### Directions for this task
All pictures are to be omitted while the lines starting at the line with "The front cover" and ending at the line with "Neroli Oil (1" in the material below are retyped exactly, both ends included.

### Task input
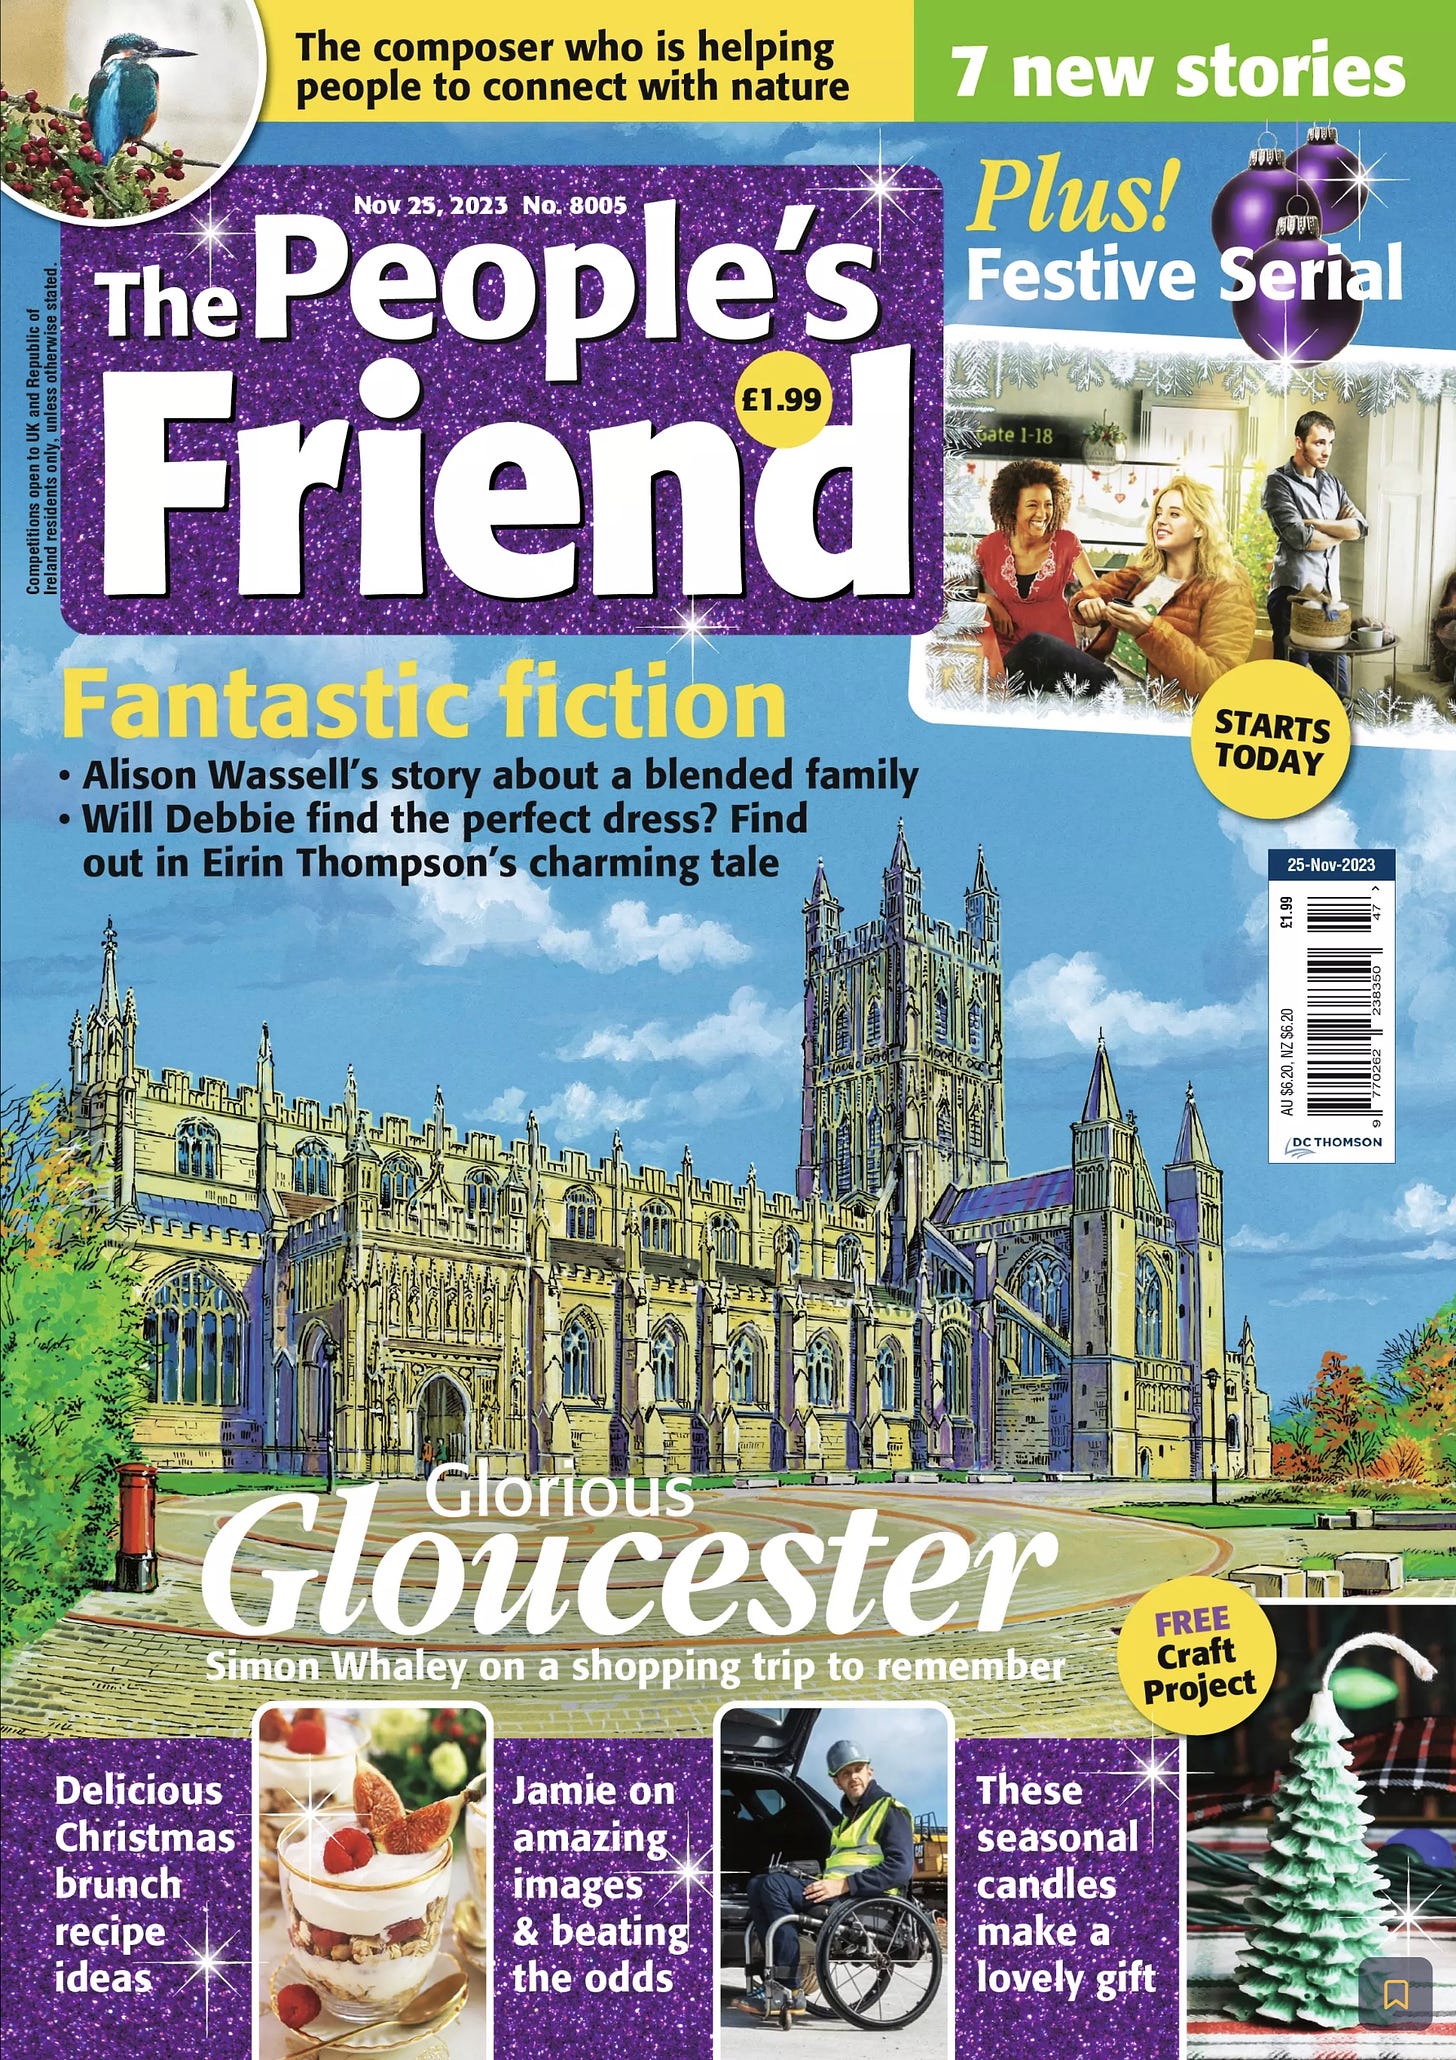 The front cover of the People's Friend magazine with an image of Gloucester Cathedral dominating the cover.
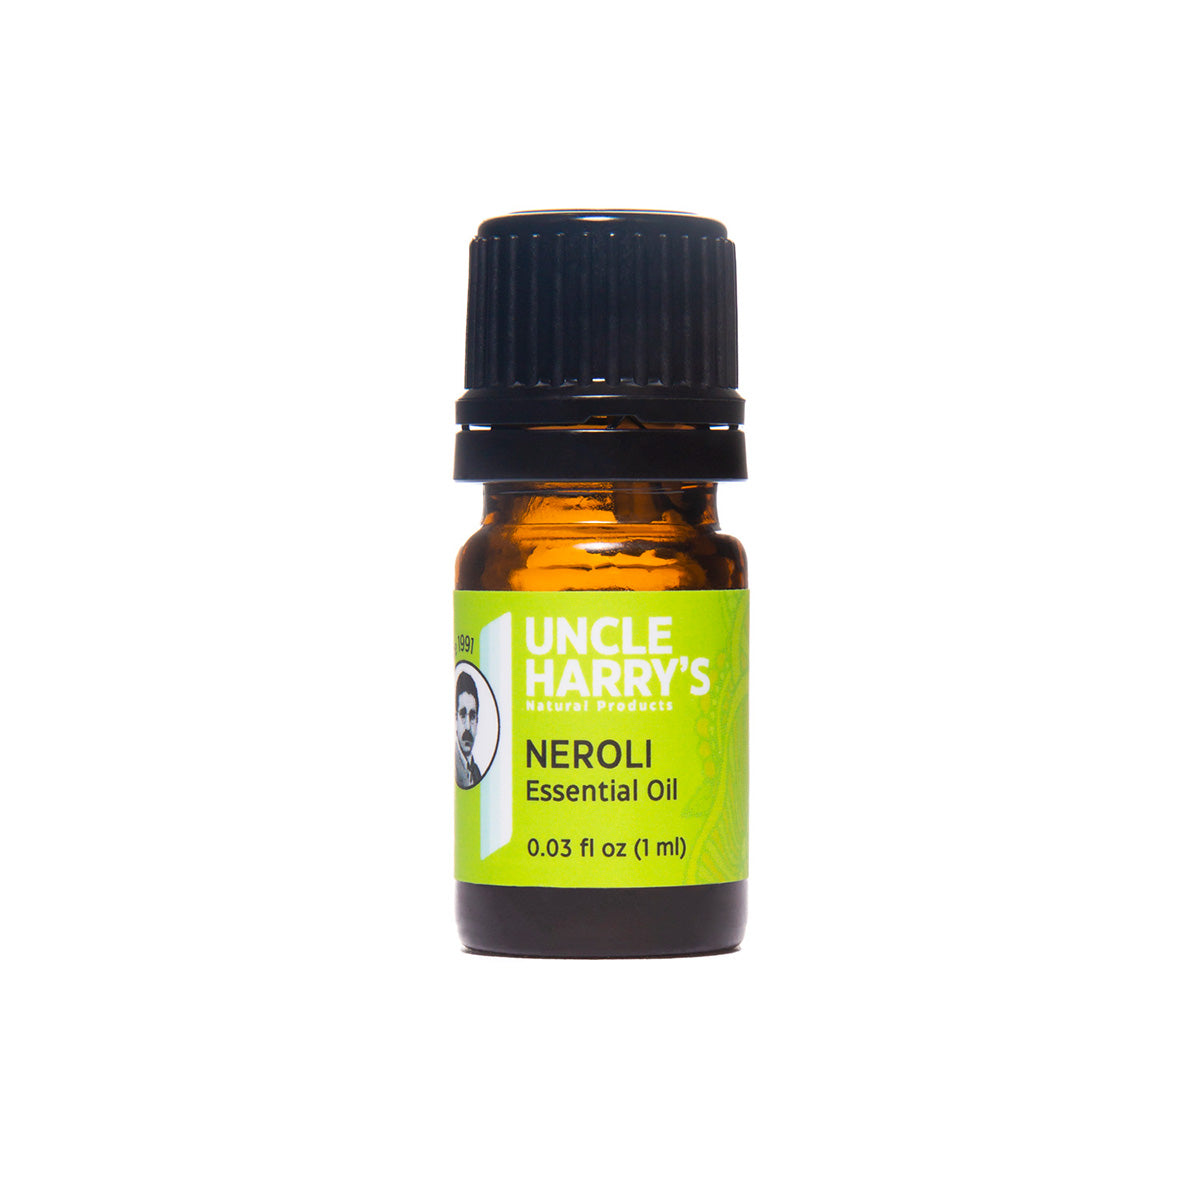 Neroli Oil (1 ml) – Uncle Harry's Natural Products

...

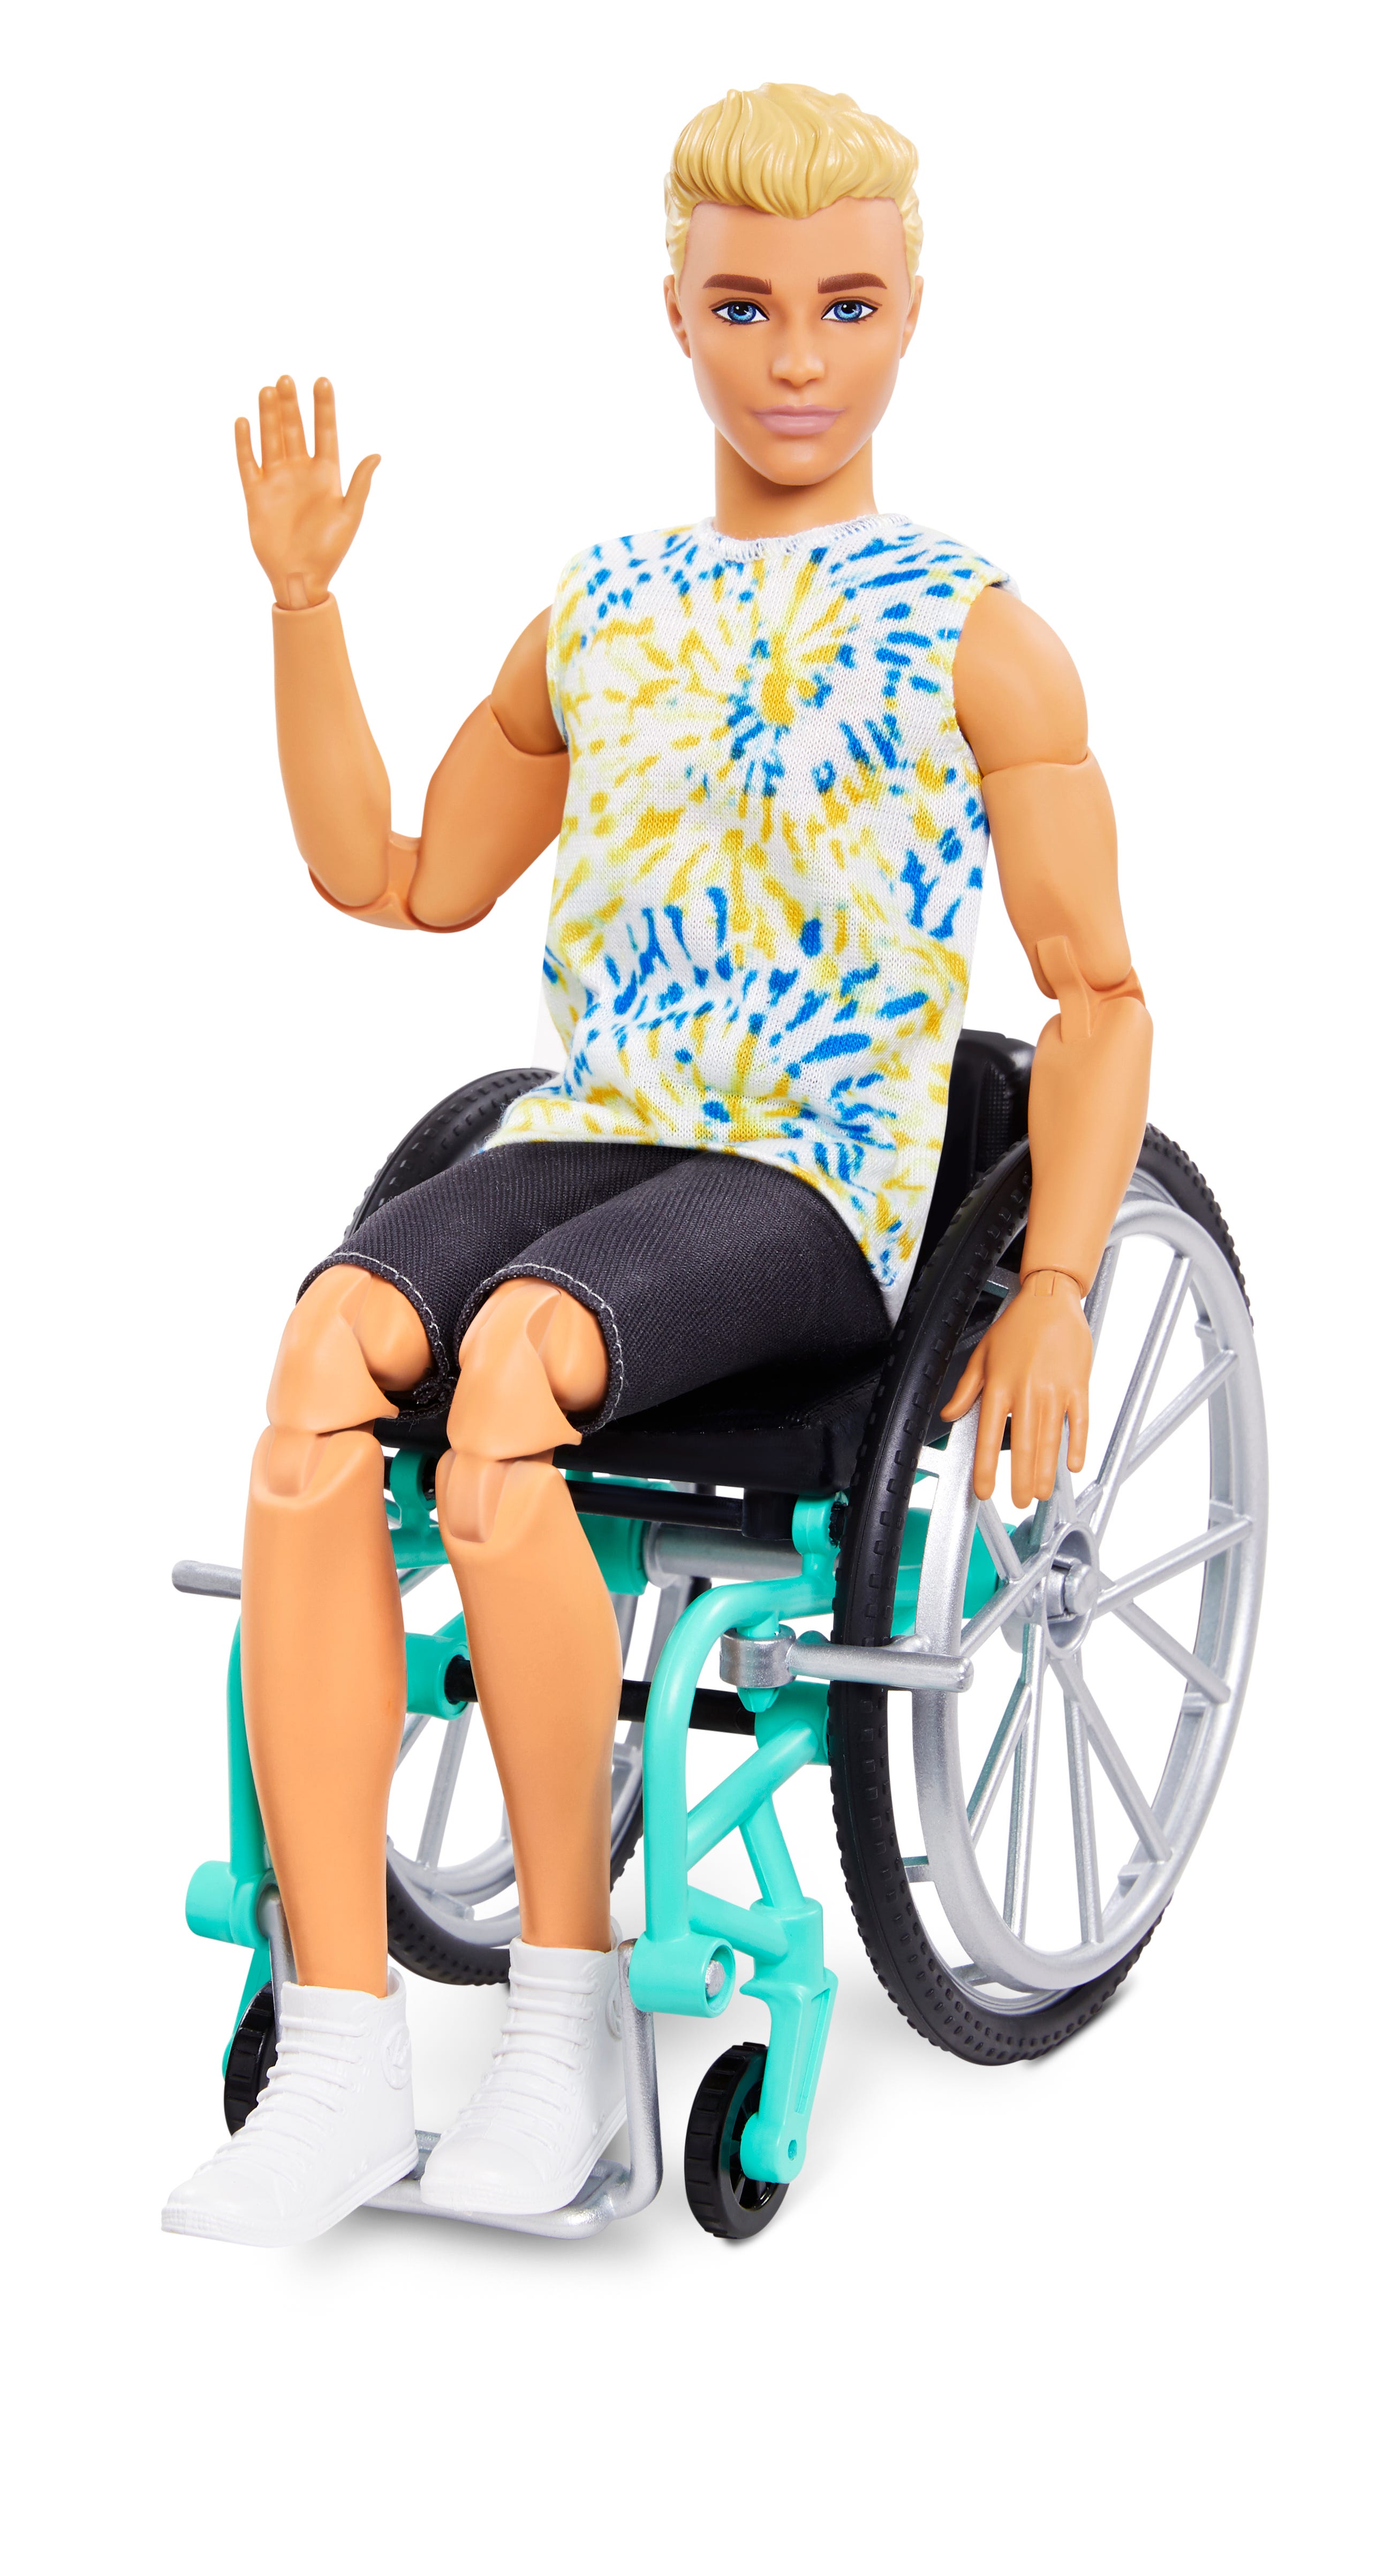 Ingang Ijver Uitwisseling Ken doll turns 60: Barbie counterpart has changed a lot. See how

### Response for this exercise
 The front cover of the People's Friend magazine with an image of Gloucester Cathedral dominating the cover.
 Neroli Oil (1 ml) – Uncle Harry's Natural Products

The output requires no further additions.